Who Writes These Notes?
Our recent notes, we are told in a letter printed in our correspondence column, " have given many Catholics pause." Another correspondent deplores our " irresolution."
These criticisms give us a chance to say
something that should be said. These weekly notes do not represent the personal views of any individual, whether it be the proprietor or the editor or any member of
the staff of the paper. An individual commits no one but himself and therefore he may judge for himself, hastily or slowly according to his temperament. Public judgment — under God — about nations or individuals is the duty of properly constituted authority or courts. A weekly paper is neither an individual judging for his own satisfaction nor an authority judging for the public good. Its purpose in this connection is twofold : to record the authoritative judgment of those competent to judge—and in the case of a Catholic paper to record in particular the judgments of the Church, either implicit or explicit—and to record all relevant facts to help its readers to judge for themselves.

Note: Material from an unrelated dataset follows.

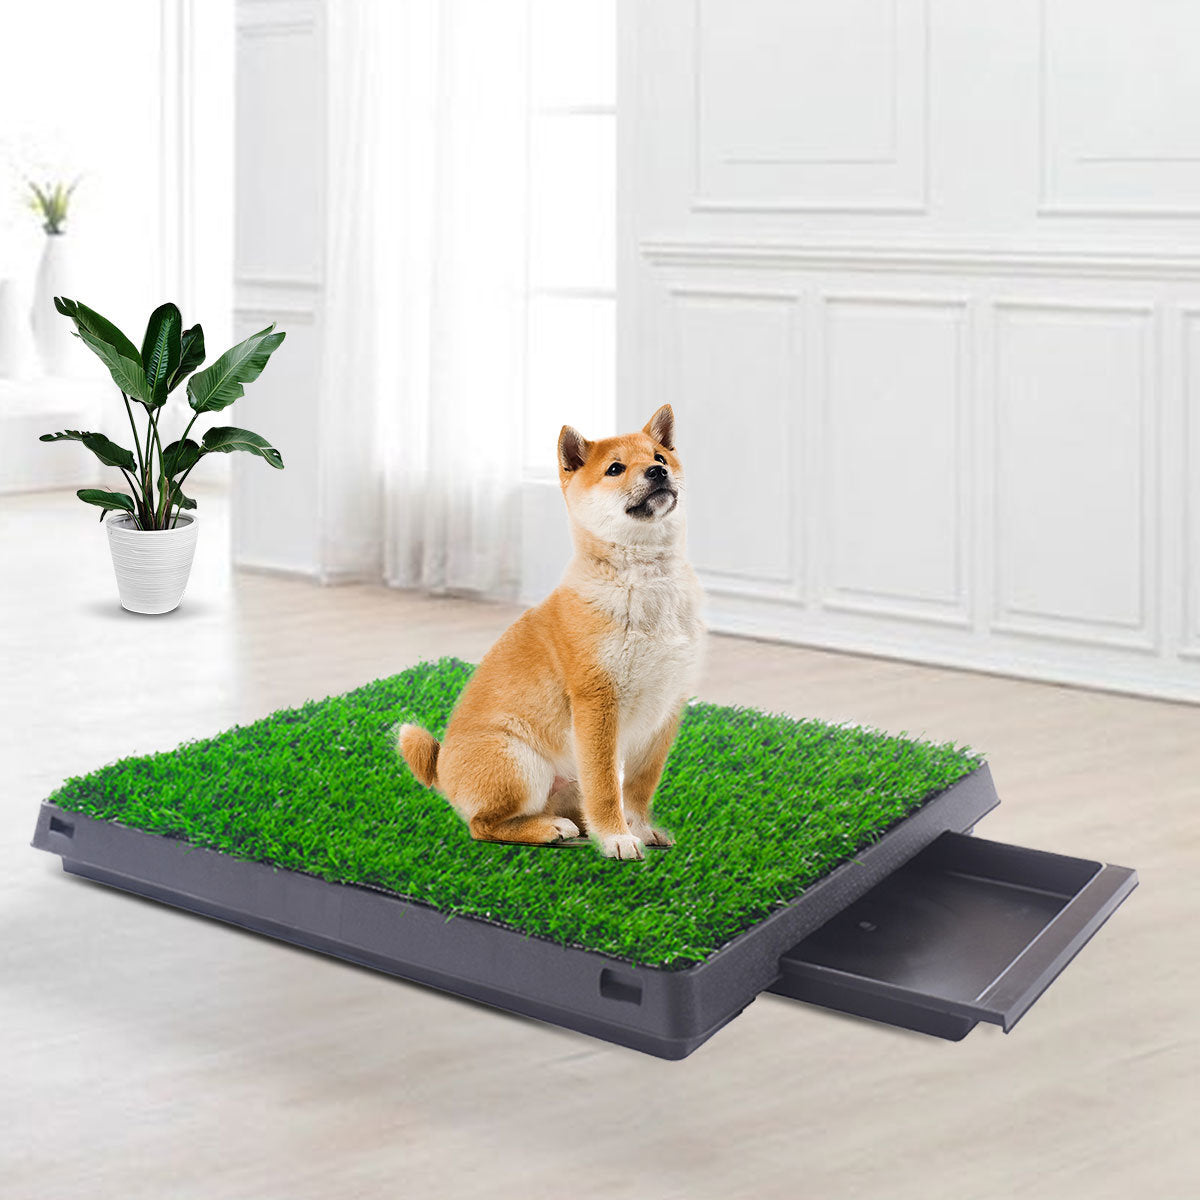 Artificial Dog Grass Mat, Indoor Potty Training, Pee Pad for Pet,with the drawer

At the present moment, for example, the ordinary press of this country has constituted itself prosecutor and judge of the Italian conduct. Would it be of any particular help to our readers for us to re-state the so very obvious case frier the prosecution, even if we refrained from delivering final judgment? Are we not doing a greater service to them in bringing out—without in any way pre-judging the issue—points for the defence or at any rate points that may make us pause before delivering judgment? Our readers are perfectly free to say that we can make no case, but, having come to that conclusion, will not their final judgment be by so much the more informed?
A Case in Point
Dr. Barnes, Bishop of Birmingham, to take an obvious instance in point, has been deeply scandalised by the fact that the "Te Deum" has been sung in Italian churches to thank God for victory. "Praise we the
Lord for poisoned gas, etc". "I should hate," he said in effect, "to be an Italian ecclesiastic : The mills of God grind slowly, but they grind exceeding small."
The bishop's attitude is obvious and easy to understand, and, maybe, Catholics themselves feel in some sympathy with him. None of us who thank God for what He has done for us presume that evil has not been mixed with good in the making of the series of events which we recognise to be a blessing; nor need we suppose that Italians necessarily think that nothing but good has gone to make their victory when they thank God for it.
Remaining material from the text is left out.